蒼山小鎮古樸的石道,滲入了洗不盡的殷紅血色。屋舍的青瓦紛紛墜地,摔成碎片,然後被匆匆路過的修士,一腳一腳地踏得粉碎,碾入塵埃。

卻是誰也沒有留意到,弟子房的木桌上,那堆按秩序擺放的尋妖司南,突然不約而同地微微顫動起來。

陸望予終于還是被車輪戰耗盡了精力。

無恕的九環禪杖直直地敲上了他的脊背,與此同時,朝雲坊的鎏金繩也束住了他的脖頸。

陸望予重重地摔了出去,撞碎了一處梁柱。止戈锵啷墜地,他眼前一陣模糊,吐出了一大口鮮血。

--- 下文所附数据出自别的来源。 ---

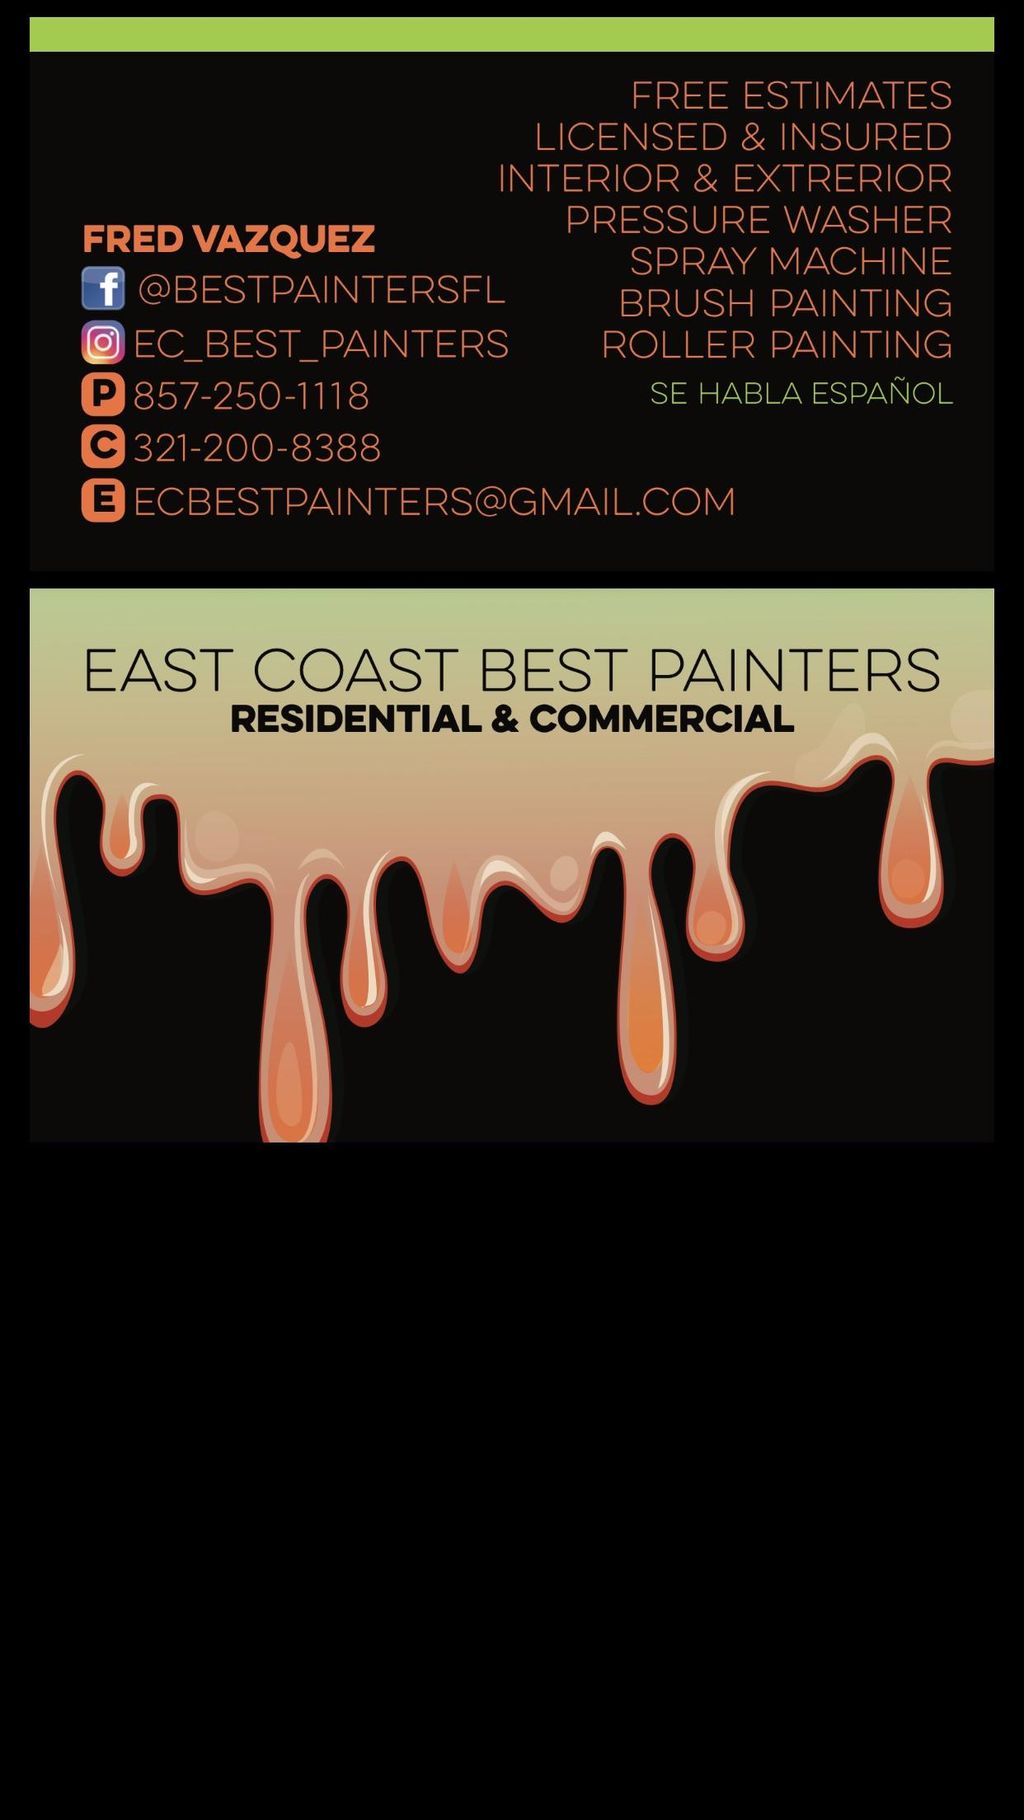 East cost best painters
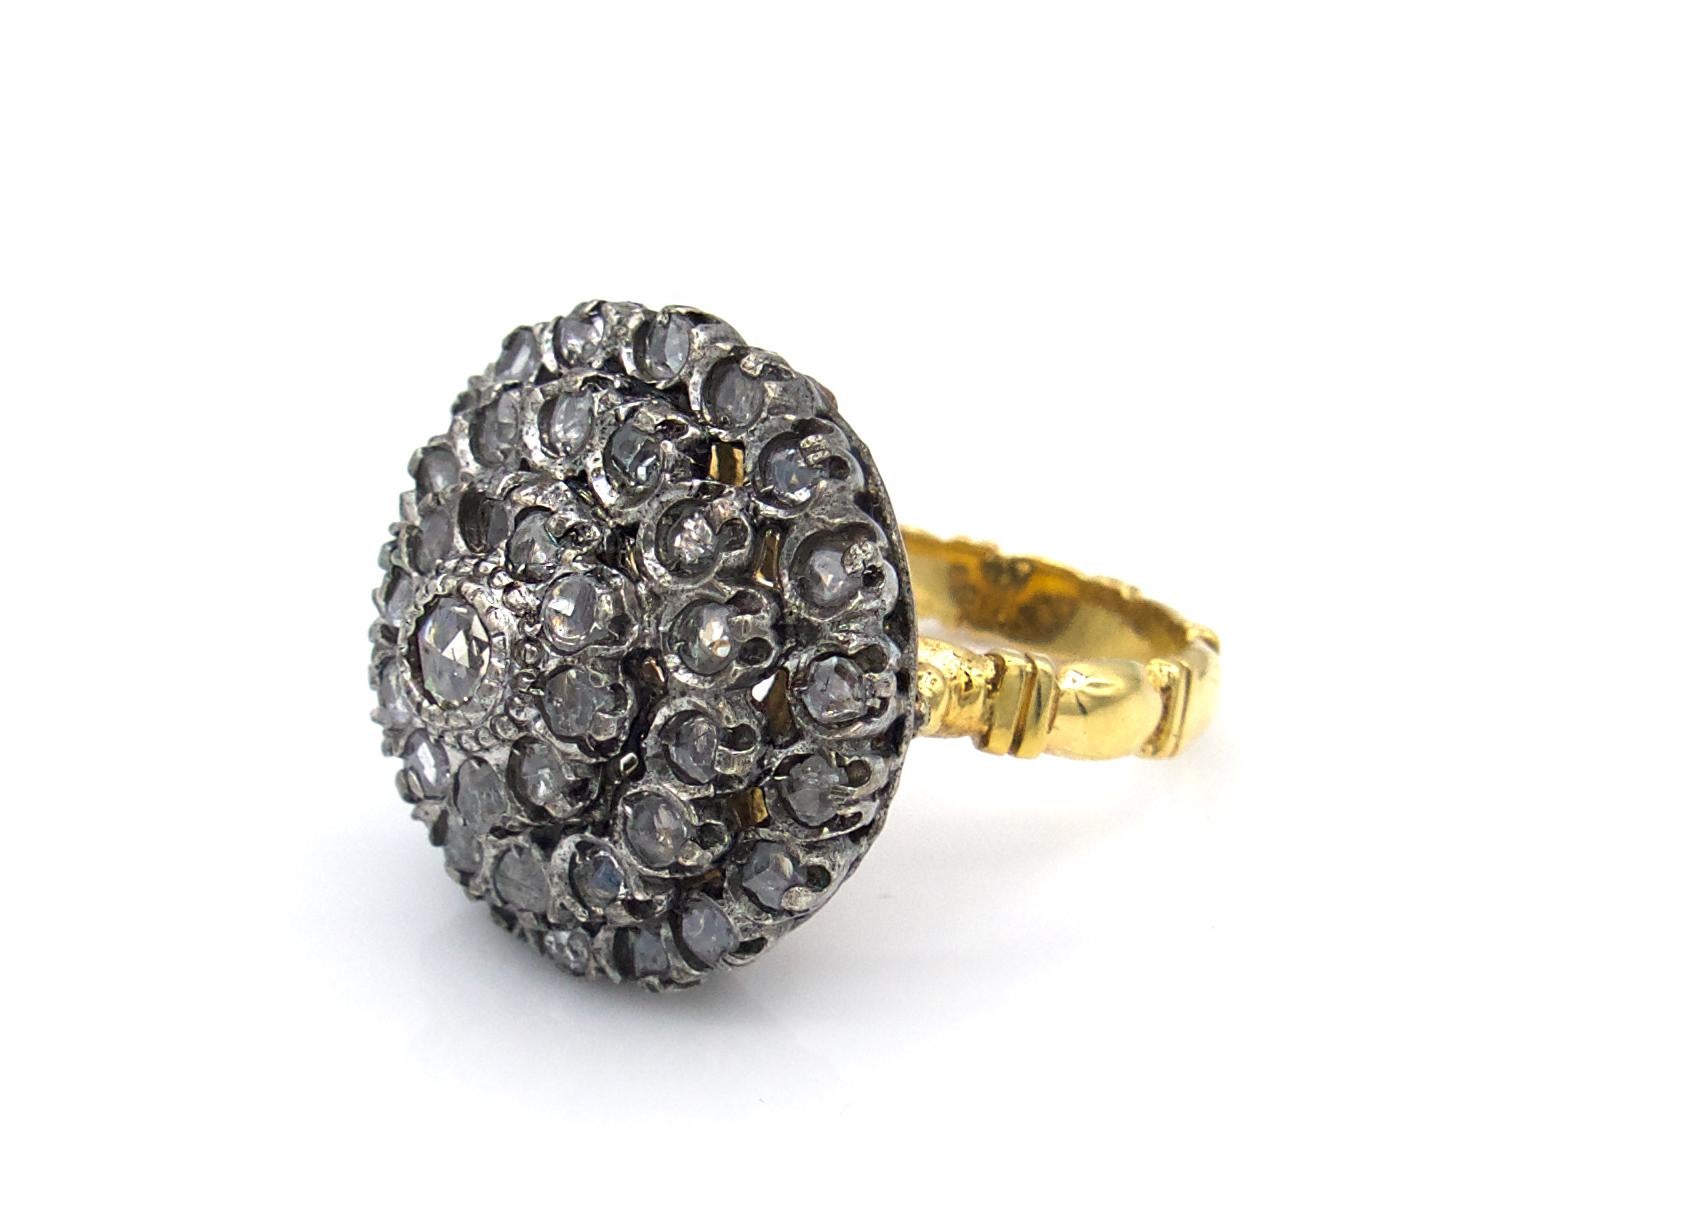 This turn-of-the-century diamond dome ring is set with 43 rose-cut diamonds. The 18 Karat yellow gold band and under carriage have intricate filigree detail work. This piece, like many from the era, also has a sterling silver topping for a two-toned

随即,一只銀紋白靴,就這樣狠狠地踏上了他探向止戈長劍的手。

但腳的主人,卻還不嫌不夠解氣。他慢慢轉圈碾着那只手,仔細端詳着陸望予臉上的神情。

他竟然看起來一點都不痛苦!

那人心中微微扭曲,眸中閃過一絲瘋狂,腳下也越來越狠。

直到,聽到那清脆的骨裂音傳來,他終于露出了一個勝者的微笑。

高傲的猛虎還是被拔去了利齒,敲碎了獠牙,就這樣生生被踏入泥濘,鎖進囚籠。

而與此同時,遼闊不辯邊際的蒼山大陣外,一個風塵仆仆的身影終于趕到了。

白色的兜帽落下,年輕蒼白的臉龐就這樣露了出來。衛執約終于如約到了蒼山。

“我要見族長……”

他緊鎖眉頭,沒有絲毫拖泥帶水,直切主題地告知陣內駐守的妖族。

沒有時間了……

師兄那裏,留給他的時間不多了!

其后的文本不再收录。